It was finally here.

The kind of weather that made Emi despise being outside.

After so much anticipation and buildup, the day of reckoning had arrived–here fell the very first snowflakes of the season. And how was she celebrating it? Riding in a gondola down the East Balarand with Tia and six students from the Bright School, the most prestigious private school in the city.

Tia didn’t even go to that school; he was taught at home by a private tutor, just like Emi. But such was his envious social ability that he was able to meet people his age just by going out and searching for them. It was a greater magic than any sort of incantation Emi had ever read about.
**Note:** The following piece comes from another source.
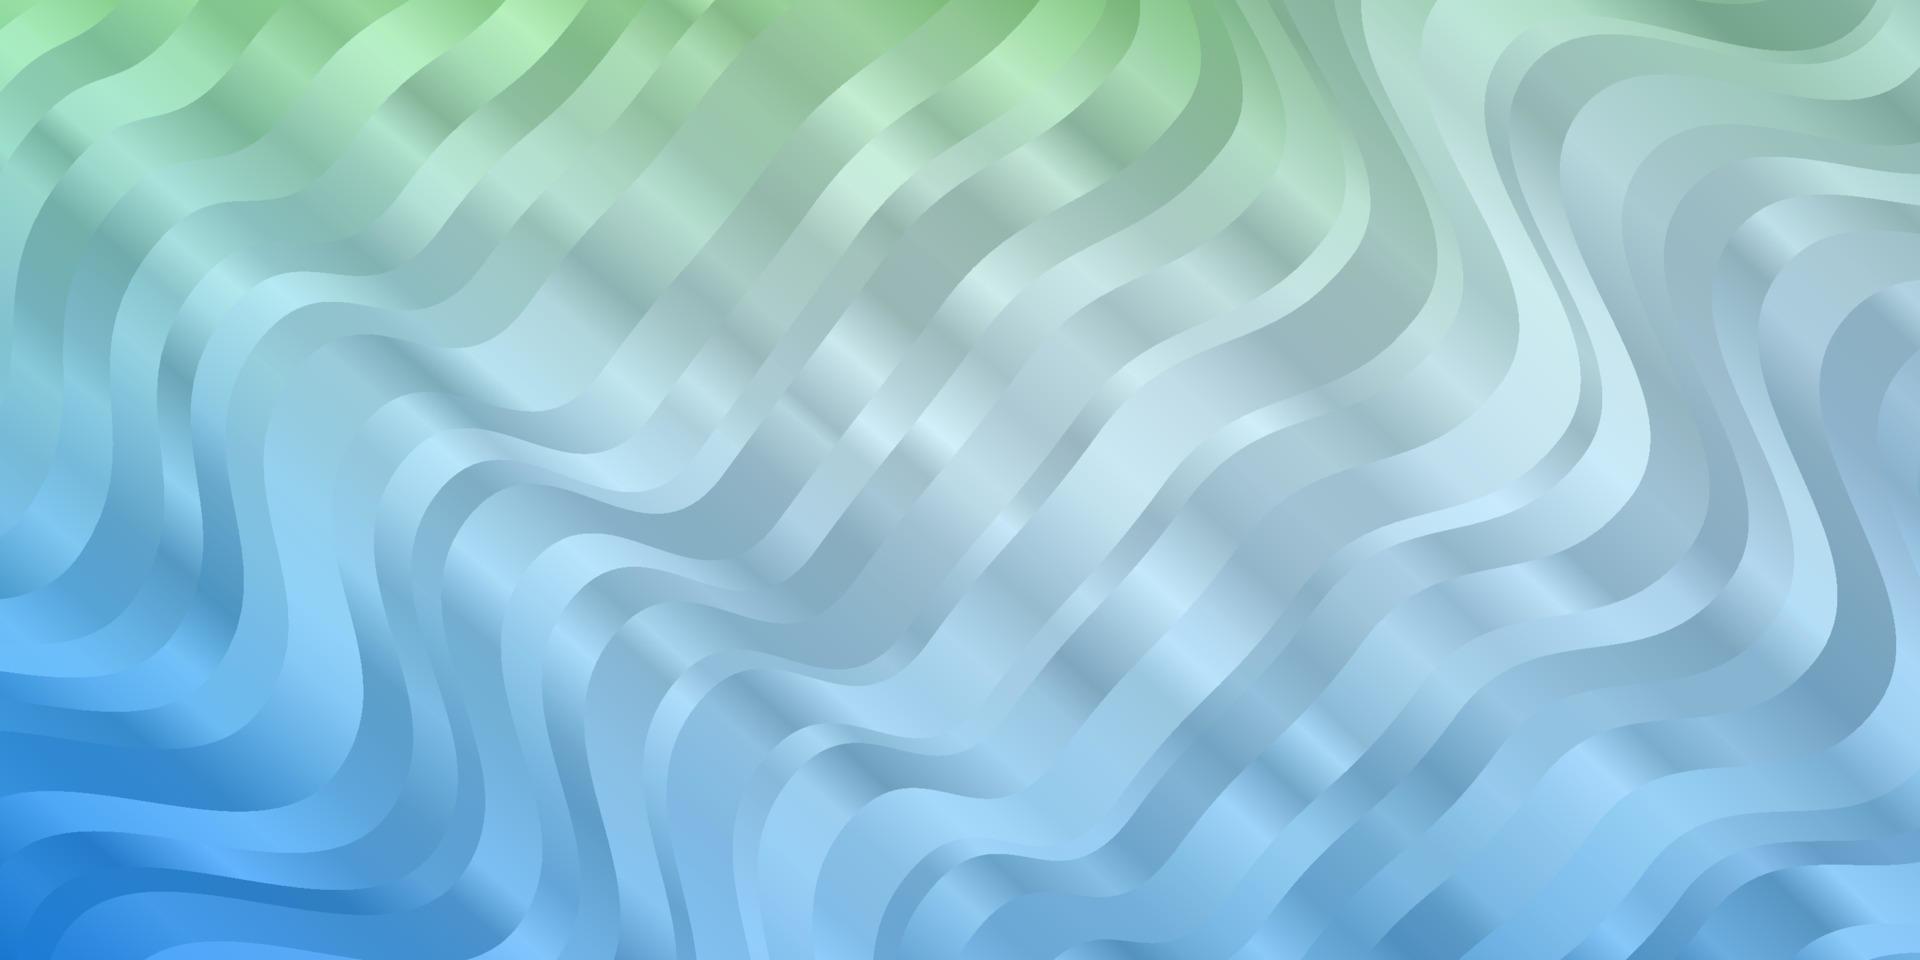 padrão de vetor azul e verde claro com linhas irônicas.

The Bright School students chatted away about classes and drama and all sorts of stuff that Emi had no involvement in whatsoever, while Emi stared out at the city expanse bundled up in two jackets and a thick toboggan. 

It had been over two weeks since she last saw Beatrice, and she felt miserable. Beatrice, the soldier that she was, had surely gotten over it, but the gaping wound in her own heart would surely remain like this for good.

That was for the best. She did not want to have the capacity to feel love for another; that would make her impending marriage to some woman she’d never met go much more smoothly. It would simply be a fact of life, in that case. Nothing special.

Emi looked past the canal to the city streets. There were fewer people out than usual, a side effect of the snow piling up on the walkways. There were Dannark guards posted outside a tiny bank building, standing firm at their post even as their metal armor likely began to freeze. A pair of greyback bears approached the guards. They paced back and forth, begging for food. The guards did not move, and the greybacks eventually gave up, scrambling away to find another group of humans.

Tia Knoll, as par for the course, was sitting there in a sensible white blouse to match the snowfall, but his skirt only went down to his knees. Surely he must have been freezing out there, his legs bared to the world like that! This man was crazy.

He appeared to notice Emi looking his way, and scooted across the seat, closer to her. “Is this not so much fun?” Tia asked.

“I wish you didn’t invite me,” Emi said.

At this, Tia merely laughed. “I only brought you out here to get you in the sun a little bit. And what do you know, we are receiving our first snowflakes of the season. Wintertime is upon us.” He stuck his tongue out and a snowflake landed on it.

The gondola was currently passing in view of the Eldin Bridge. If one crossed that structure and headed eastward, they would soon find themself in the Elincian countryside under Dannark occupation, where civilization was said to be bright and unstoppably beautiful. If one went the same distance westward, they would find themself on the front lines of the Dannark-Doros War. Both of those things were on Elincian soil. Their kingdom had it all.

Gods, it was like Emi was unable to think about anything remotely positive these days.

“So. My parents were talking to your parents,” Tia said. “Apparently your fiancee is finally coming to Balarand soon. Are you excited?”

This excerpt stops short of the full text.